■ Exercise requirements
When you repeat the listing below, keep every word exactly and leave out each picture.
+++ Given data
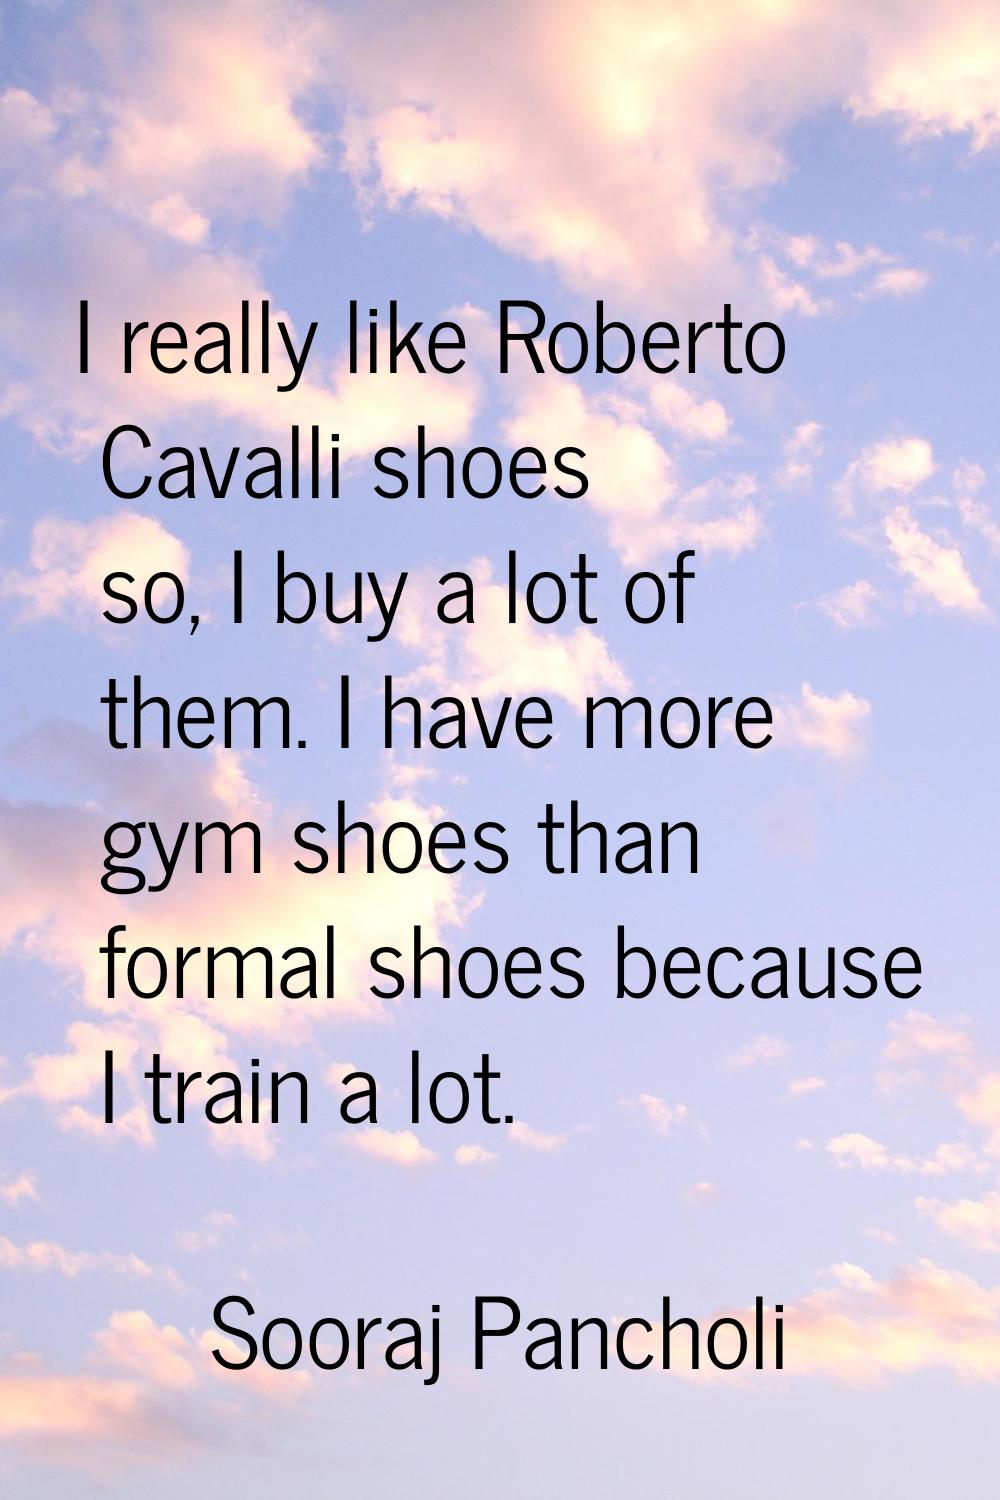 I really like Roberto Cavalli shoes so, I buy a lot of them. I have more gym shoes than formal shoe
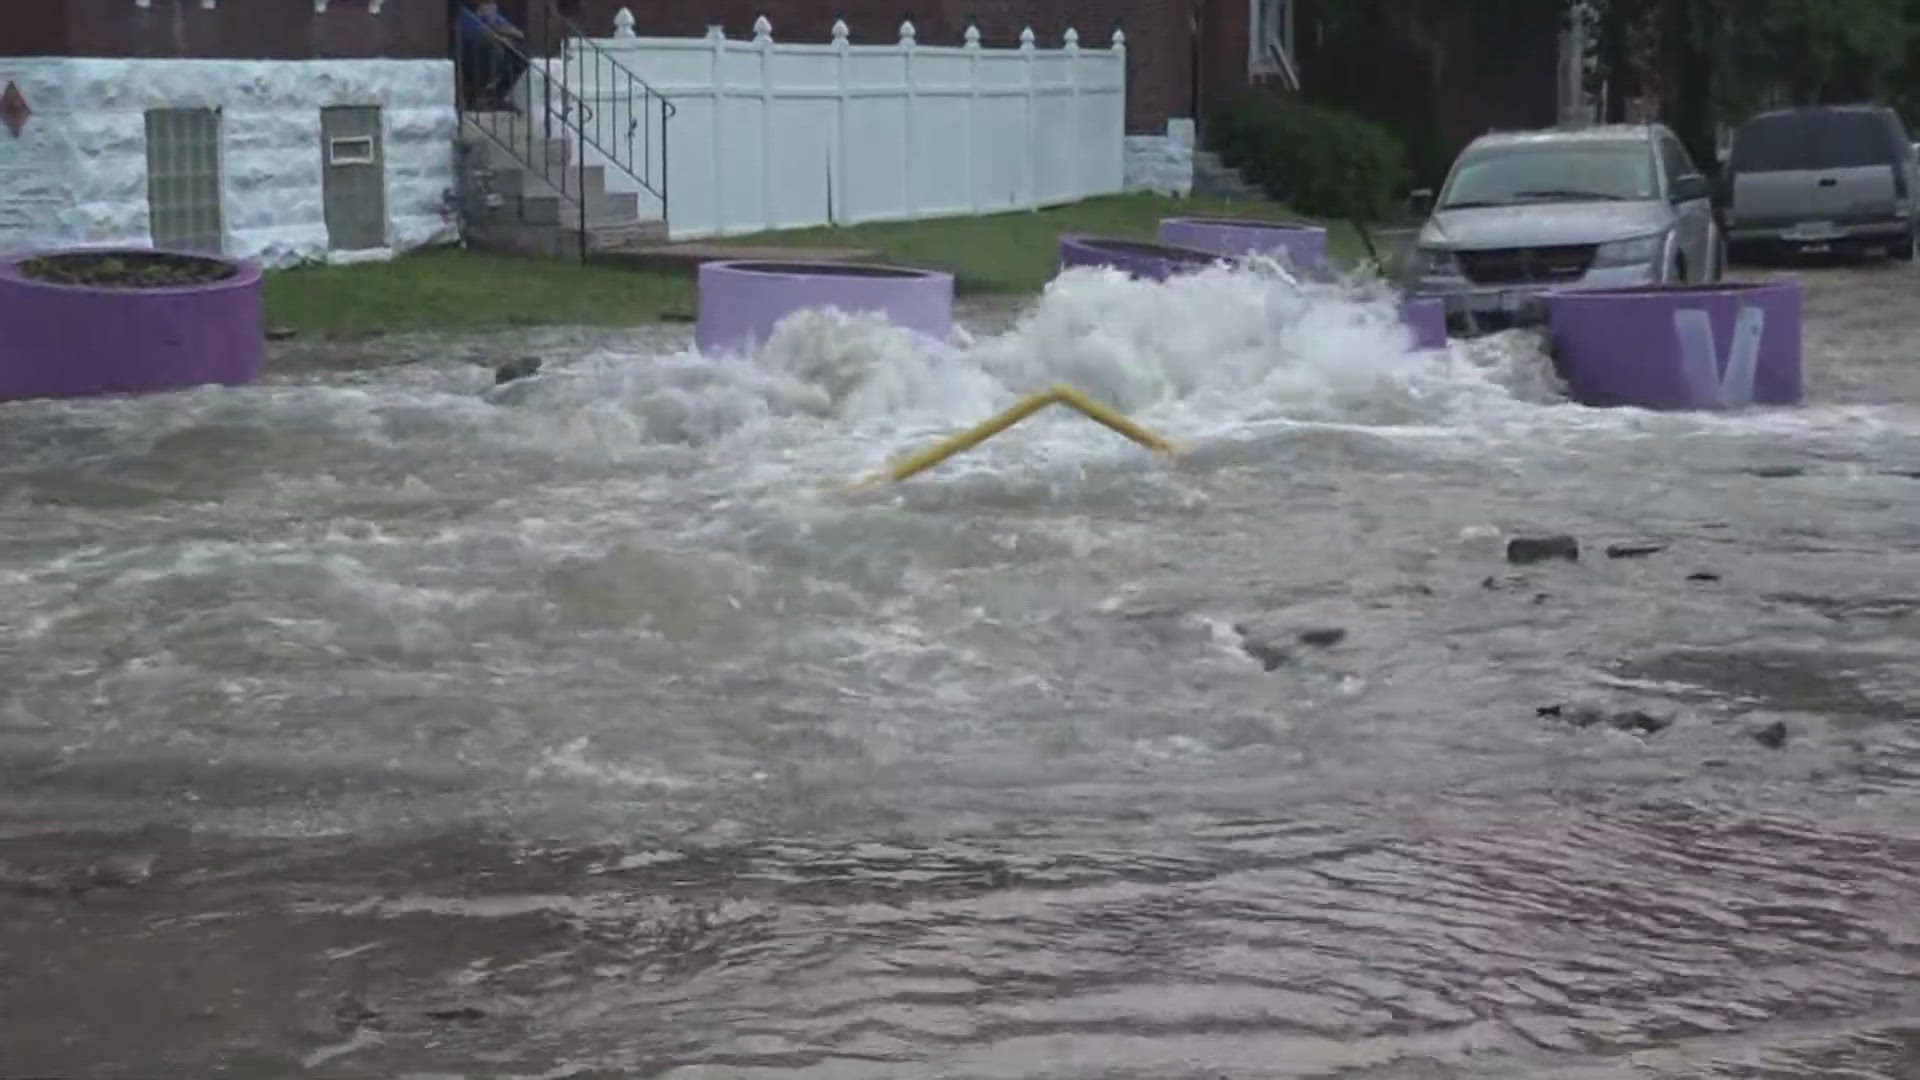 A massive water main break happened Friday morning at the corner of Penrose Street and Blair Avenue. No word yet on any boil orders in connection to the break.
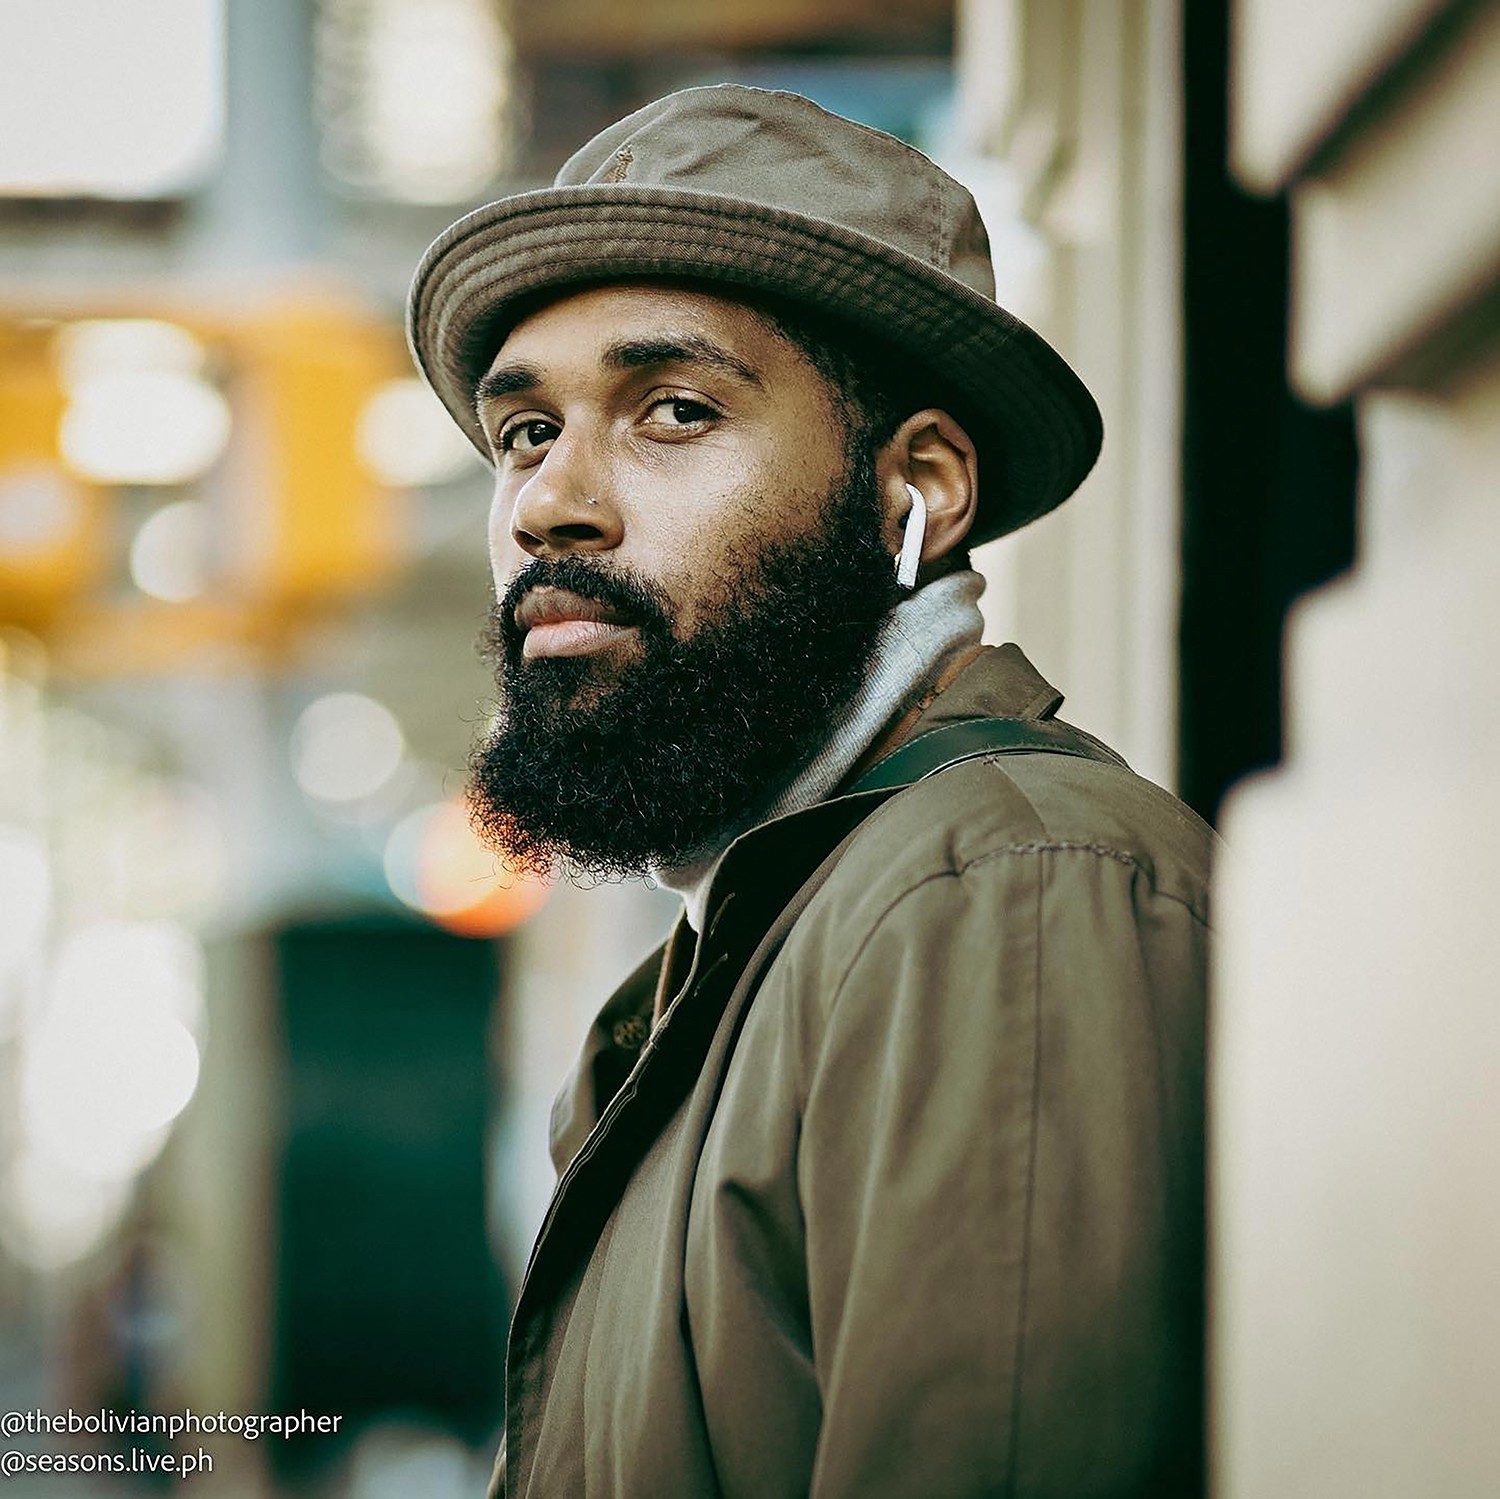 black man with beard, wearing hat and airpods, gazes slightly off camera. blurred cityscape behind him.
++++++
■ Answer to this exercise
 I really like Roberto Cavalli shoes so, I buy a lot of them. I have more gym shoes than formal shoe
 A massive water main break happened Friday morning at the corner of Penrose Street and Blair Avenue. No word yet on any boil orders in connection to the break.
 black man with beard, wearing hat and airpods, gazes slightly off camera. blurred cityscape behind him.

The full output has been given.